The Years of Extermination: Nazi Germany and the Jews, 1939–1945
- Author: Saul Friedländer
- Publisher: HarperCollins
- Publication date: April 10, 2007
- Media type: Hardback
- Pages: 896
- ISBN: 0-06-019043-4
- OCLC: 70660369

= The Years of Extermination =

2007 book by Saul Friedländer

The Years of Extermination: Nazi Germany and the Jews, 1939–1945 is the second volume of Saul Friedländer's history of Nazi Germany and the Jews. It describes the German extermination policies that resulted in the murder of six million European Jews. The book presents a detailed history of the Holocaust and is based on a vast array of documents and memoirs. It won the 2007 Leipzig Book Fair Prize for Non-fiction and won the Pulitzer Prize for General Nonfiction in 2008.

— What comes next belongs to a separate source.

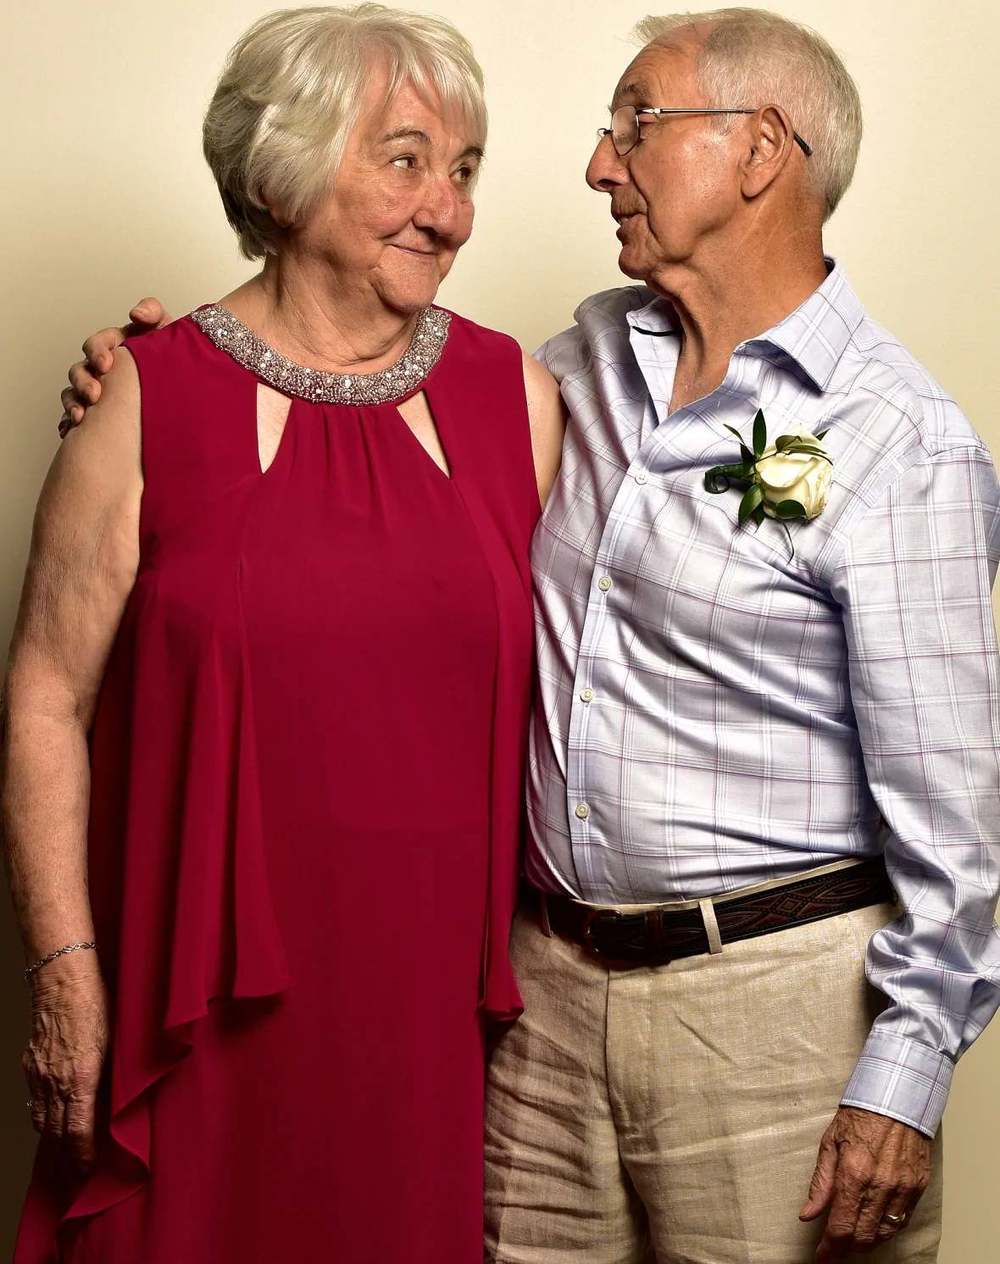  
Ông Fred và bà Florence kết hôn ở tuổi 84. (Ảnh: CNN)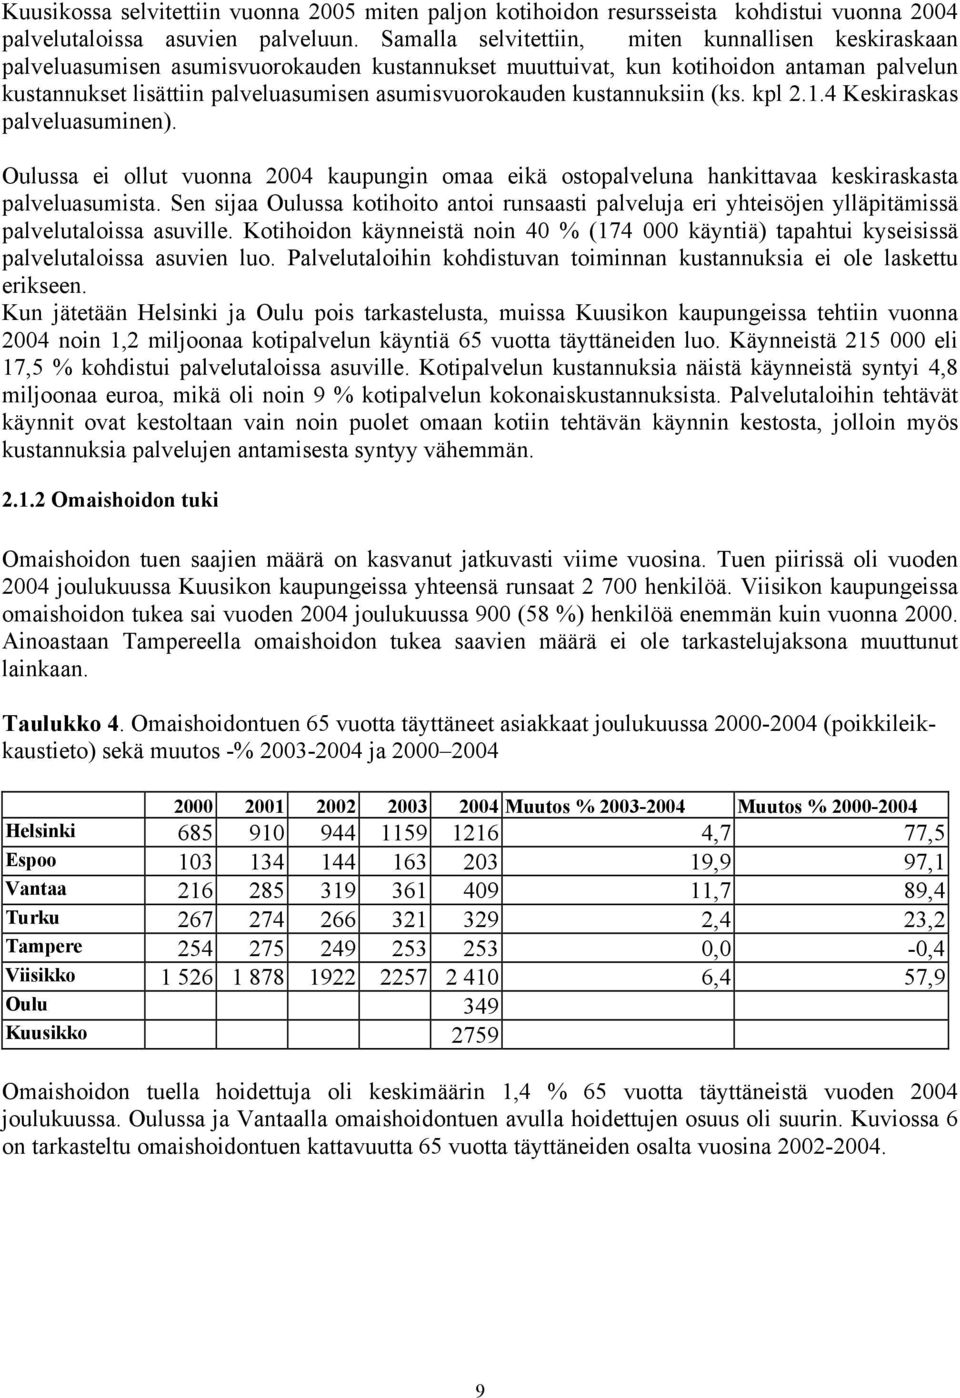 asumisvuorokauden kustannuksiin (ks. kpl 2.1.4 Keskiraskas palveluasuminen). Oulussa ei ollut vuonna 2004 kaupungin omaa eikä ostopalveluna hankittavaa keskiraskasta palveluasumista.

Friedländer is an Intentionalist on the origins of the Holocaust question. However, Friedländer rejects the extreme Intentionalist view that Adolf Hitler had a master plan for the genocide of the Jewish people going back to the time when he wrote Mein Kampf. Friedländer, through his research on the Third Reich, has reached the conclusion that there was no intention to exterminate the Jews of Europe before 1941. Friedländer's position might best be deemed moderate Intentionalist.

The first volume is The Years of Persecution: Nazi Germany and the Jews, 1933–1939 (1998).

==Reception==
Historian Richard J. Evans, writing in The New York Times said that, though written with academic rigor, "what raises The Years of Extermination to the level of literature, however, is the skilled interweaving of individual testimony with the broader depiction of events."